Professional Profile
Dr. Isabel Lea is a toxicologist in ToxStrategies’ Health Sciences practice with more than 20 years of experience evaluating scientific evidence related to diverse chemicals and their potential impacts on human health. Her work focuses on hazard identification and the systematic evaluation of toxicological and mechanistic evidence to support regulatory decision-making and risk-based assessments. Dr. Lea has extensive experience synthesizing multiple lines of evidence, including in vivo, in vitro (including high-throughput screening), and in silico data, to characterize potential health hazards across a wide range of chemical classes.
Dr. Lea has supported clients navigating regulatory requirements for the identification of endocrine disruptors. She has experience applying frameworks developed by the European Chemicals Agency (ECHA) and European Food Safety Authority (EFSA) for pesticide and biocide assessments and has evaluated evidence across estrogen, androgen, thyroid, and steroidogenesis (EATS) pathways. This expertise has been used to prepare submissions under the endocrine disruptor provisions of the EU Classification, Labelling, and Packaging (CLP) Regulation, which requires a comprehensive evaluation of mechanistic and apical evidence and the integration of findings into a clear, weight-of-evidence assessment aligned with regulatory expectations.

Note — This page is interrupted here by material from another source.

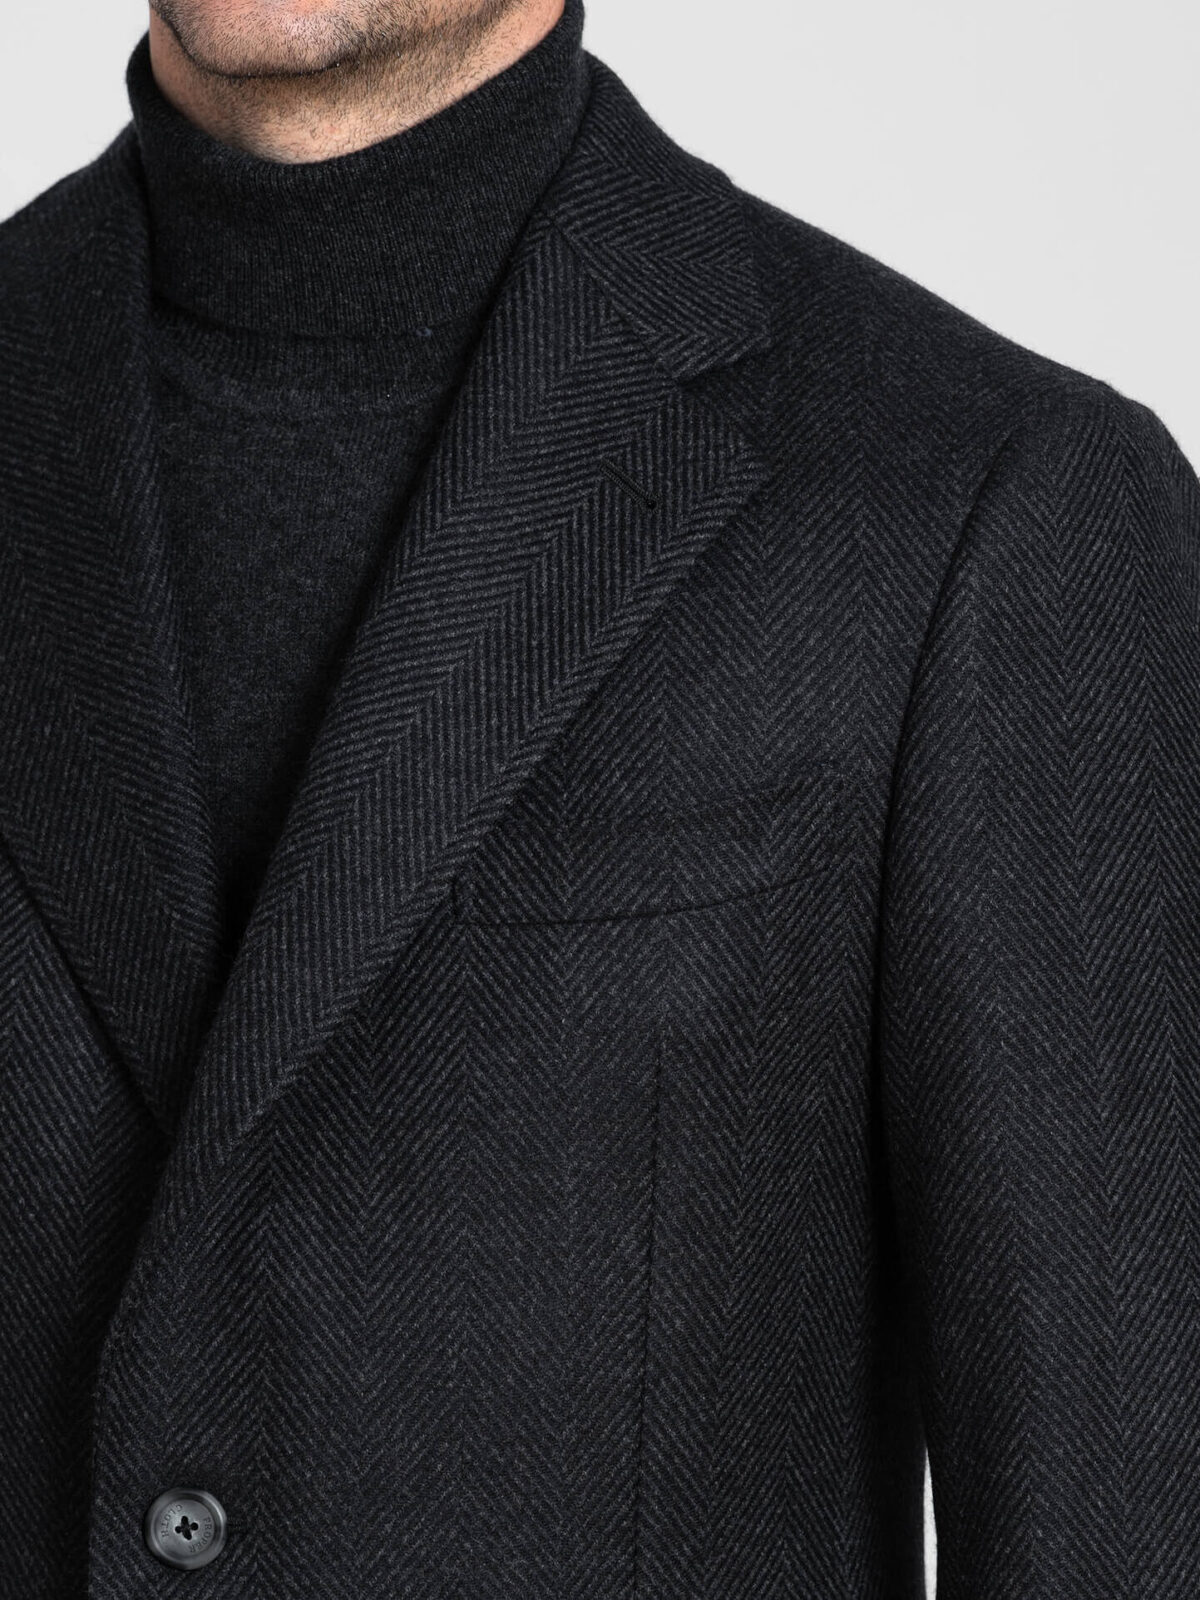 Bleecker Charcoal Herringbone Wool and Cashmere Coat by Proper Cloth

Dr. Lea also conducts International Agency for Research on Cancer (IARC) readiness evaluations to help clients understand and proactively manage the potential carcinogenic hazard profile of substances prior to formal IARC review. She evaluates the scientific literature to anticipate how evidence may be interpreted by an IARC Working Group and identifies key strengths, limitations, and data gaps. Dr. Lea has experience organizing mechanistic evidence using the key characteristics of carcinogens (KCCs) and integrating these data with in vivo, in vitro, and high-throughput screening results within a mode-of-action framework to assess biologically plausible pathways linking exposure to carcinogenic outcomes.
Dr. Lea also has extensive experience developing, managing, and curating toxicological databases. She possesses in-depth knowledge of major publicly available toxicology data platforms, including the National Toxicology Program’s Chemical Effects in Biological Systems (CEBS) database and the Integrated Chemical Environment (ICE) database developed by the NTP Interagency Center for the Evaluation of Alternative Toxicological Methods (NICEATM). Through this work, she has developed a strong understanding of the structure and interpretation of large toxicology datasets, enabling her to efficiently identify relevant data sources, interpret complex datasets, and integrate information across platforms to support hazard identification and weight-of-evidence evaluations.
Dr. Lea has authored and co-authored publications in peer-reviewed journals, served as a reviewer for scientific manuscripts, and regularly participates in professional conferences and scientific meetings. She is a certified Project Management Professional (PMP) with extensive experience leading multidisciplinary teams and managing complex scientific projects, ensuring the timely delivery of high-quality work products while maintaining strong client engagement and satisfaction.